Referees need all of our support

Poor video refereeing decisions ultimately cost both clubs two premiership points, and because this competition is so close, those points could be invaluable come September.

Without wanting to over-dramatise the errors, it is feasible the Cowboys and/or the Rabbitohs could miss the finals because of officialdom blunders.

And while the repercussions from that possibility do not bear thinking about, particularly from the perspective of the Cowboys, the big loser is the game itself.

The negative vibe which has emanated from these two decisions - and subsequent to the controversy following the Storm try after the siren last Monday night - is not what rugby league needs.

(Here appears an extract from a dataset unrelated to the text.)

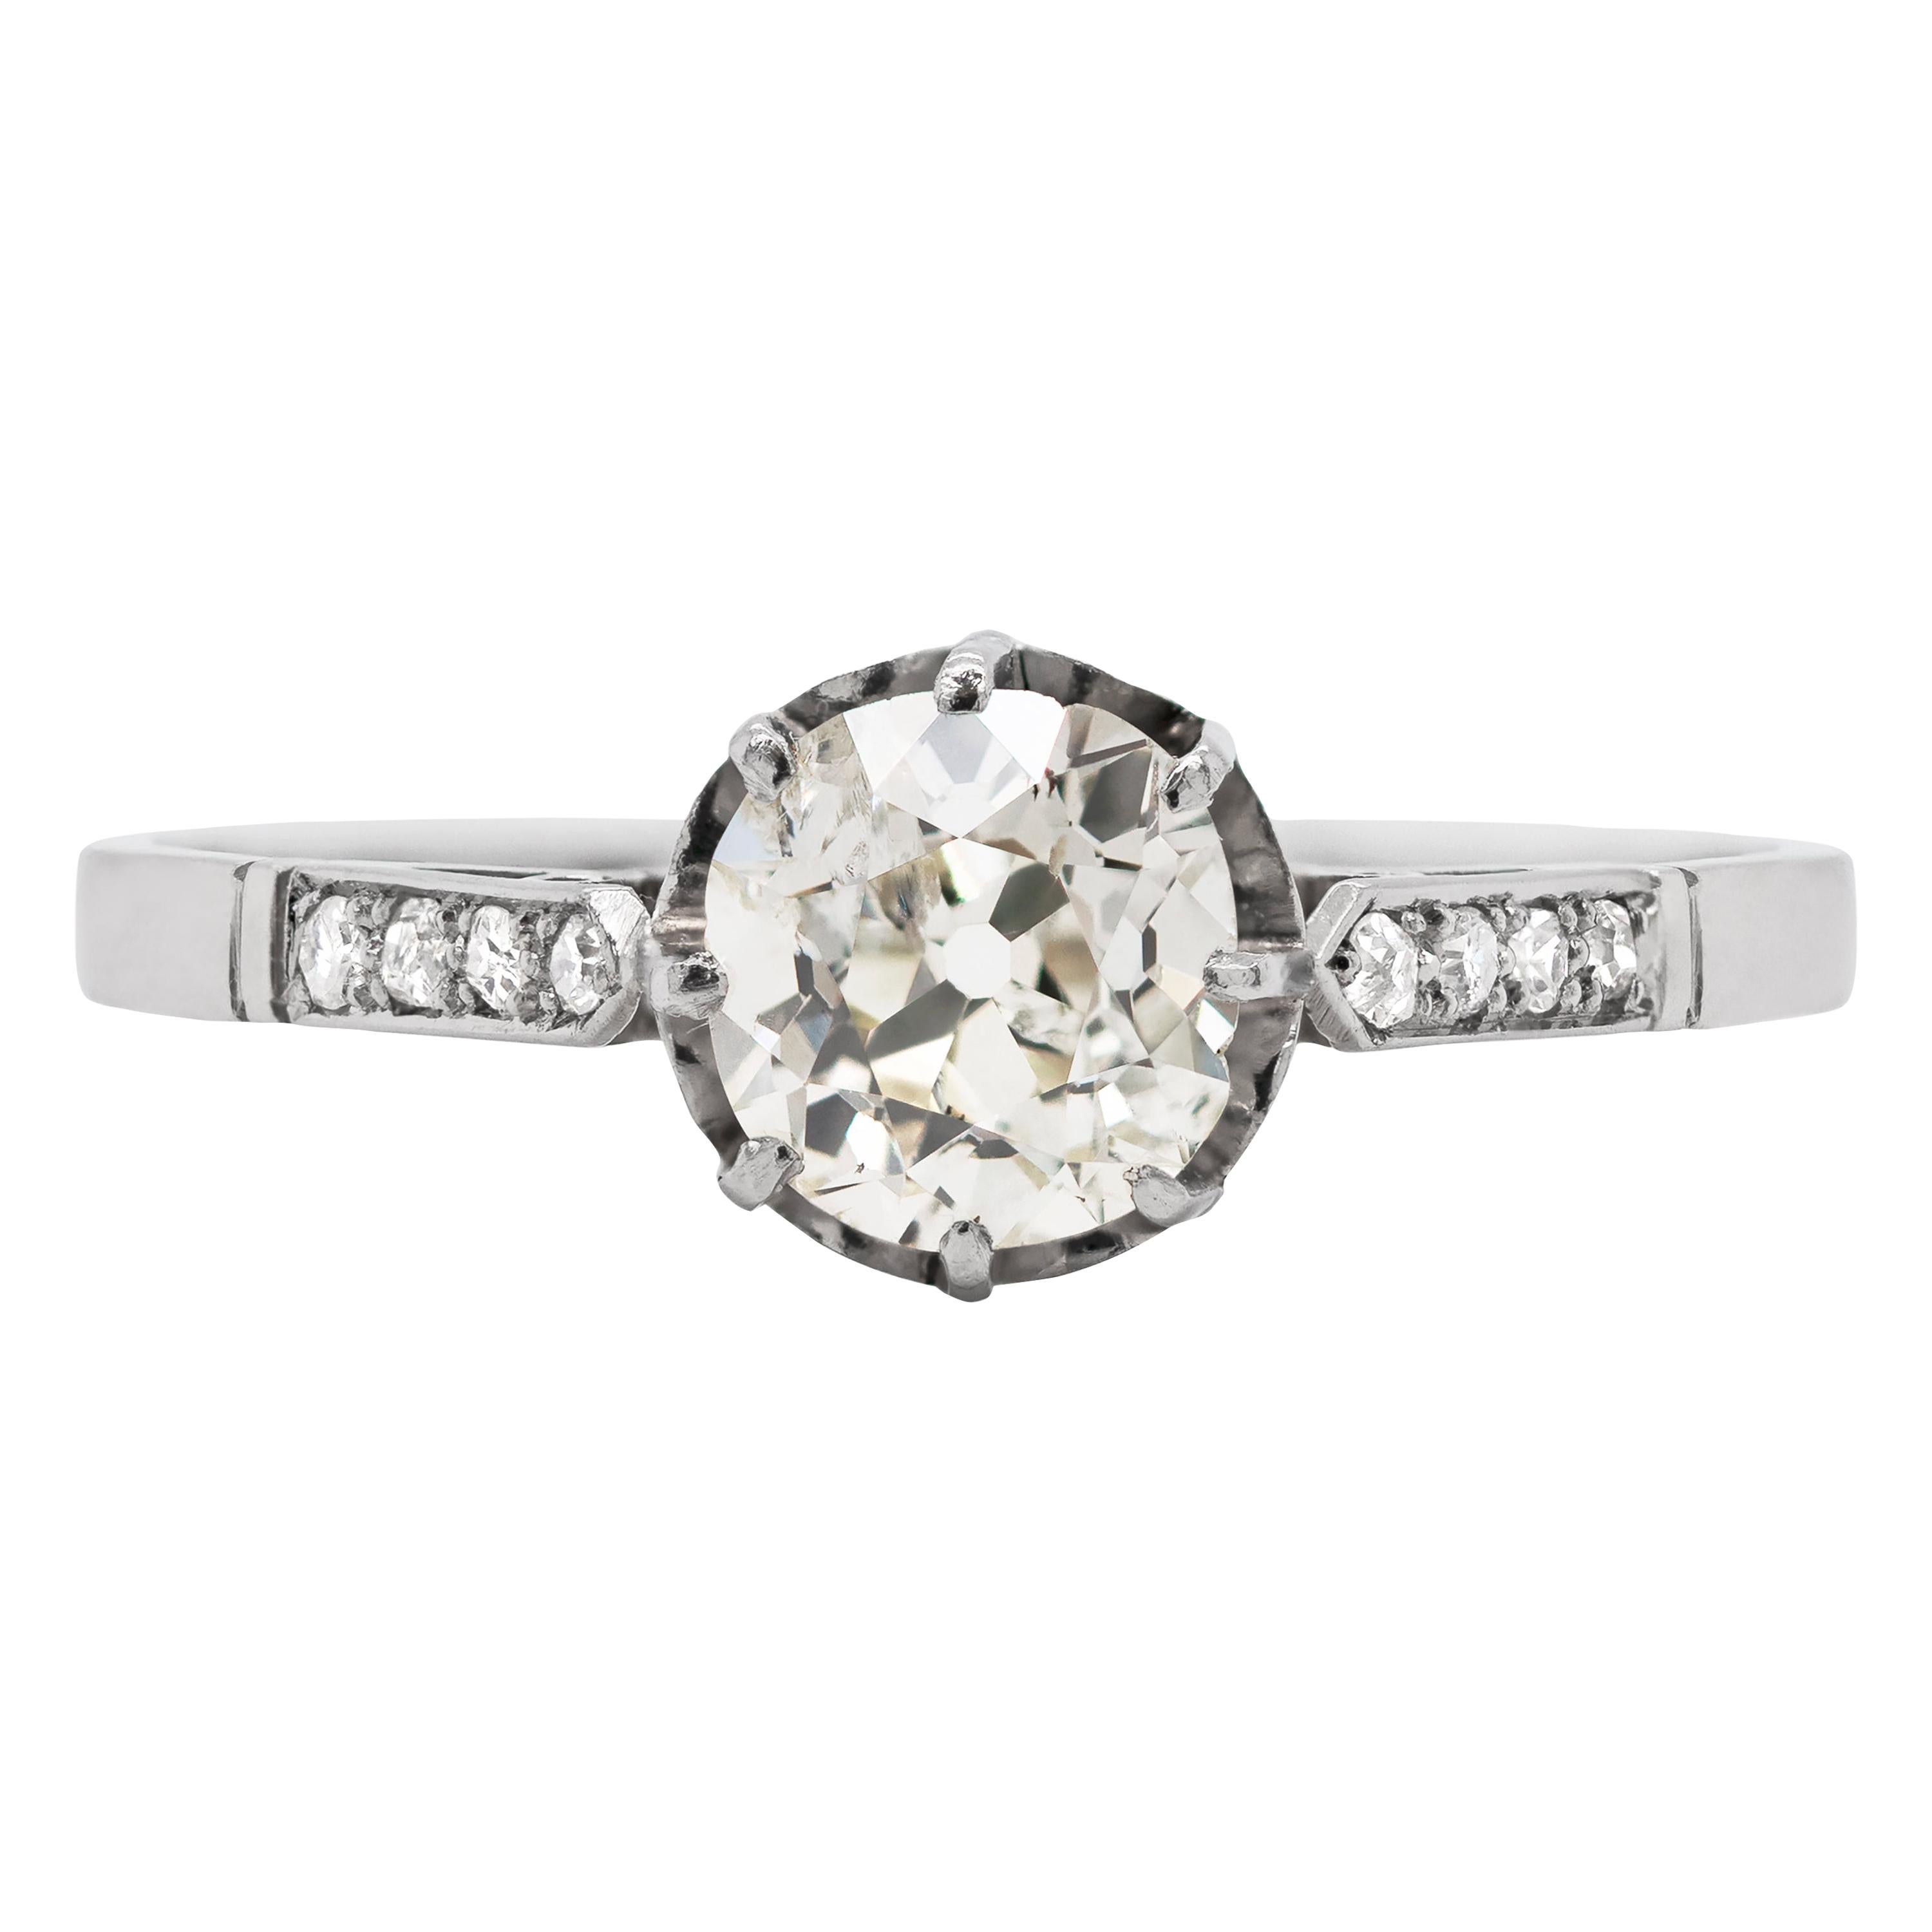 Antique 1.09 Carat Old Cut Diamond Platinum Engagement Ring, circa 1910

The adage 'all publicity is good publicity' is certainly not the case here.

Coaches, club officials and players are obviously distraught when their team is dudded by a poor decision, but they are in a position to have their protest heard.

But for the most important stakeholders in the game - the fans - there is no recourse.

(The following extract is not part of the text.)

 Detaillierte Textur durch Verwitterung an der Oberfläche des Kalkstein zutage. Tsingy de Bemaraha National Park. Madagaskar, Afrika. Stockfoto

For them their protest is to boycott the game, just as many did during the Super League war in the mid-90s.

And rugby league at the moment, riding the crest of a wave financially, cannot afford that.

But we need to be careful of our harsh censure because errors by referees will never be eradicated from the game.

Referees are humans and will make mistakes.

Personally, I loathe the video referee.

I hate the fact it slows up the game; I hate the fact we have to sit there and watch replays ad infinitum and still not come up with the correct result; I hate the fact the emotion fans feel when their team scores has to be put on hold while the scoring process is reviewed.

What we have lost with the introduction of the video referee is that the man with the whistle no longer has the confidence to back his gut feeling.

Great referees of the past - Col Pearce, Don Lancashire, Keith Page, Darcy Lawler, Greg Hartley and Bill Harrigan - would not have the reputation they carry had they been scrutinised as closely as their modern day counterparts.

Despite my loathing of the video referee, I remain a staunch supporter of the men in the middle.

They have the most demanding job in the game yet make fewer mistakes than the players.

We need to be very careful that if we continue to berate them for their errors, no one will want to take up the job.

Then we will have no option - robots, in the form of a video - will be in charge.